Есть, конечно, и недостаток созерцания этого зрелища: всё-таки по расписанию Джинн отходить ко сну ей полагается в 22:30, и ни минутой позже. Восьмичасовой сон — залог продуктивного дня и здорового тела в будущем, что чрезвычайно важно для рыцаря — но также важна и готовность служить Мондштадту и днём, и ночью, не бросая никого в беде. Оставить его жителей без помощи Джинн решительно не может.
— Не только можешь, но и должна, — назидательно говорит Кэйя, протягивая Джинн полотенце и умело уклоняясь от когтей промокшего насквозь в фонтане Пейсли. — Кошки — это, в отличие от тебя, ночные животные и, кстати, почти что дикие. Между хиличурлом и вот этим отродьем на хиличурла я бы не поставил.
— Джинн, дорогая, это очень мило с твоей стороны, но всё-таки, — Лиза прикрывает ладонью зевок, наблюдая с балкона за попытками Джинн, остановить катящиеся по ступенькам с бодрым звоном и под ужасающие крики бутылки вина, — должны быть какие-то меры! Ты знаешь, как дурно недостаток сна влияет на самочувствие?
— Джинн? Джинн! — кричит Эмбер, чуть не падая из окна: её взгляду предстаёт бьющаяся на мостовой живая рыба для продуктовой лавки и Джинн, сжимающая переносицу. — Сейчас четвёртый час… зачем ты… я же сказала, что утром сделаю?!
— Магистр, ну что же вы так, — заламывает руки мельничиха, когда Джинн укладывает на место последний мешок муки. — Поздно же так, ну что вы! Неужели вас дома никто не ждёт?
— А что, в Ордо нехватка рыцарей, что они уже отправляют своего магистра лазать по кустам? — приподнимает брови Розария, следя настороженно за согнувшейся над полянкой с волчьими крюками Джинн. — Может, я недооцениваю работу монахини…

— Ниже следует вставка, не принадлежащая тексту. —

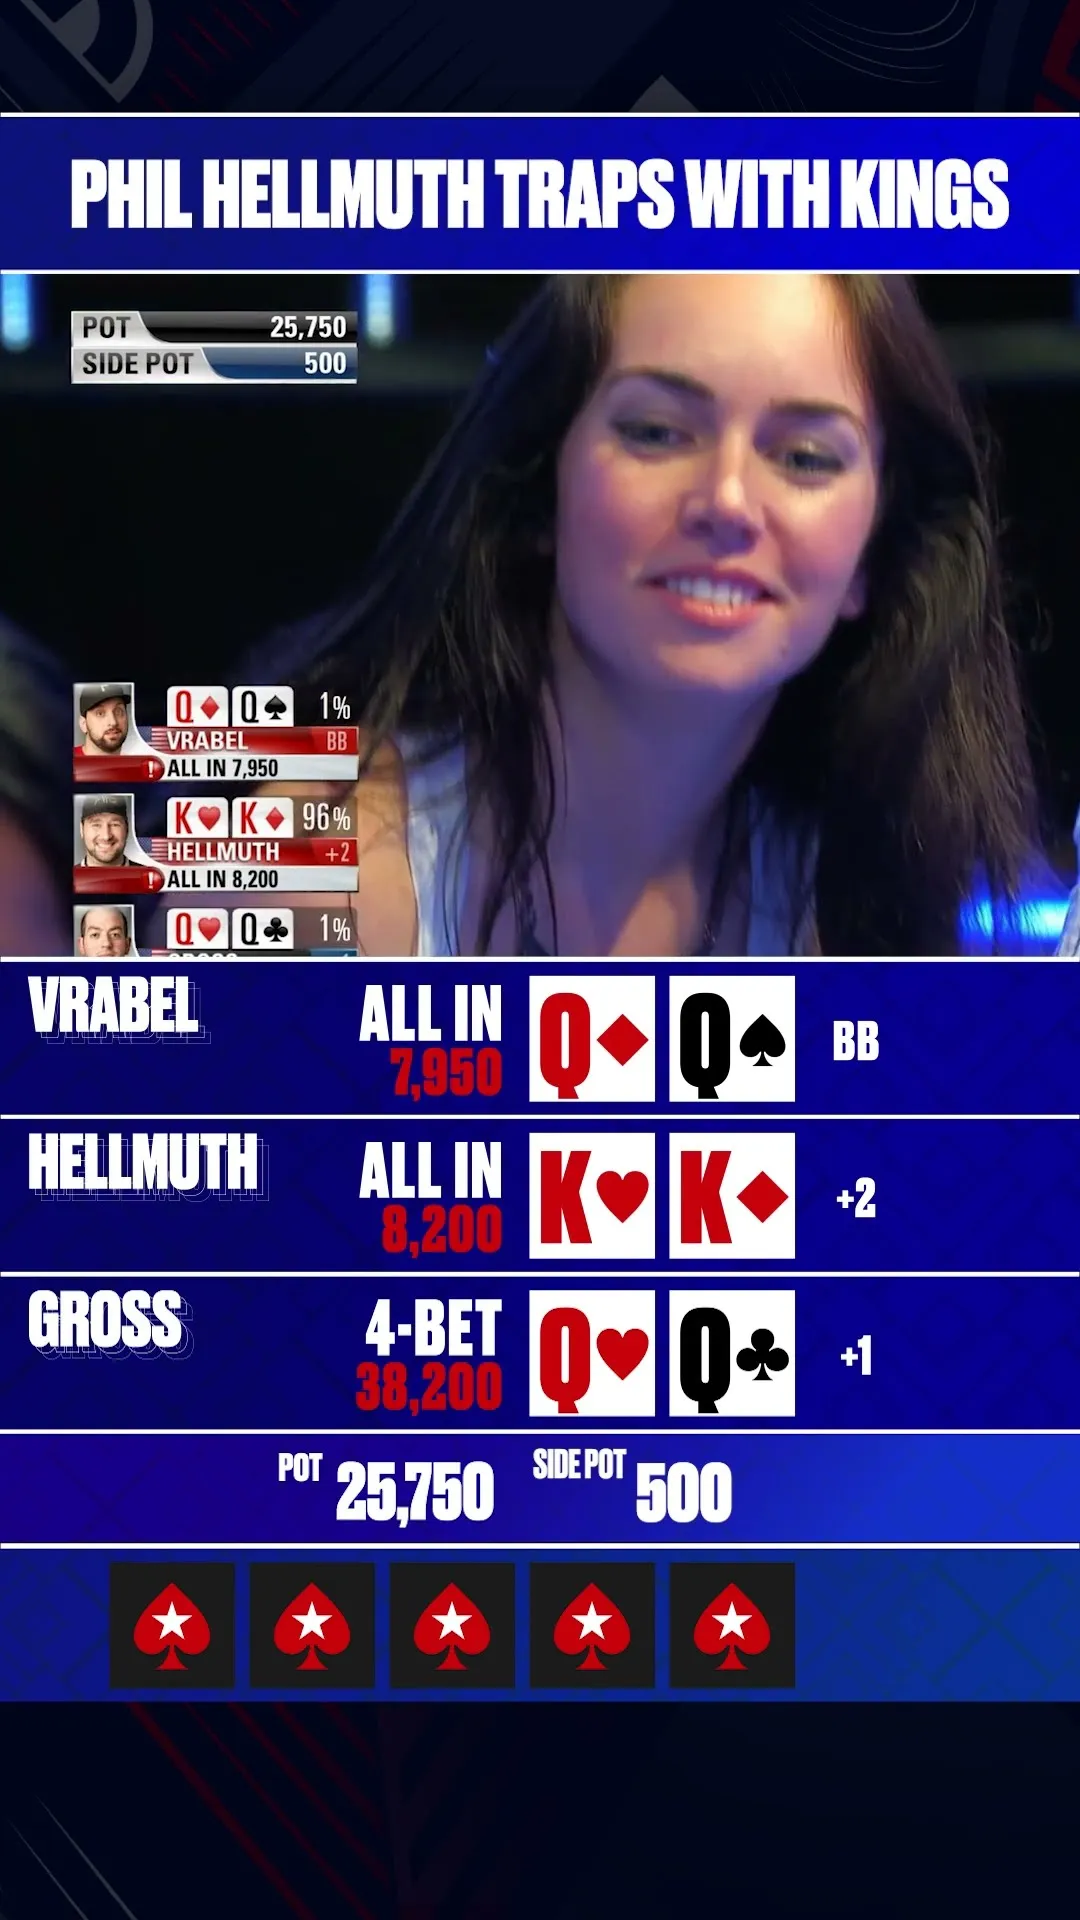 HE FINDS KK IN A VERY GOOD SPOT 😲 #Hellmuth #PokerStars - YouTube

— Лекарство нужно сейчас, и я бы не стала вытаскивать кого-то из своих рыцарей из кровати ради сверхурочной ночной работы, — отзывается Джинн, бросая оценивающий взгляд на стаскивающую в свежую яму окровавленные трупы Розарию. — Не слишком мелко? Волки могут раскопать, а здесь ходят дети.
— Предупредила бы ты, чтобы они этого не делали, — цыкает Розария. — Не то чтобы я уговорю твою сестру разрешить мне хоронить Фатуи на церковном кладбище.
Джинн отставляет полную корзинку в сторону и выдыхает шумно. Без колебания она вытягивает руку.
— Подай сюда лопату, пожалуйста.
Розария изумлённо хмыкает.
Если проводить многие ночи под открытым мондштадским небом, однажды озорные ветра принесут тебя к неожиданным встречам: будь то таинственный астролог, раскрывающий тайны вселенной (Джинн чинит звёздный глобус и за свой счёт покупает салат), принцесса иного мира (Джинн напоминает о том, что уже поздно и даже принцессам пора спать), а порой сам архонт (Джинн, вздохнув, отгоняет кота от двери таверны) — но их с Розарией пути сходятся чаще, чем Джинн ожидала. Её книги — те, стоящие на верхней полке: названия не прочесть без табурета, — сказали бы, что это судьба, благословение свыше — но опять же, Джинн всё ещё пытается объяснить Барбаре, куда пропала Небесная Лира. Такое попросту случается с коллегами, решает она — пусть коллеги они и несколько... своеобразным образом.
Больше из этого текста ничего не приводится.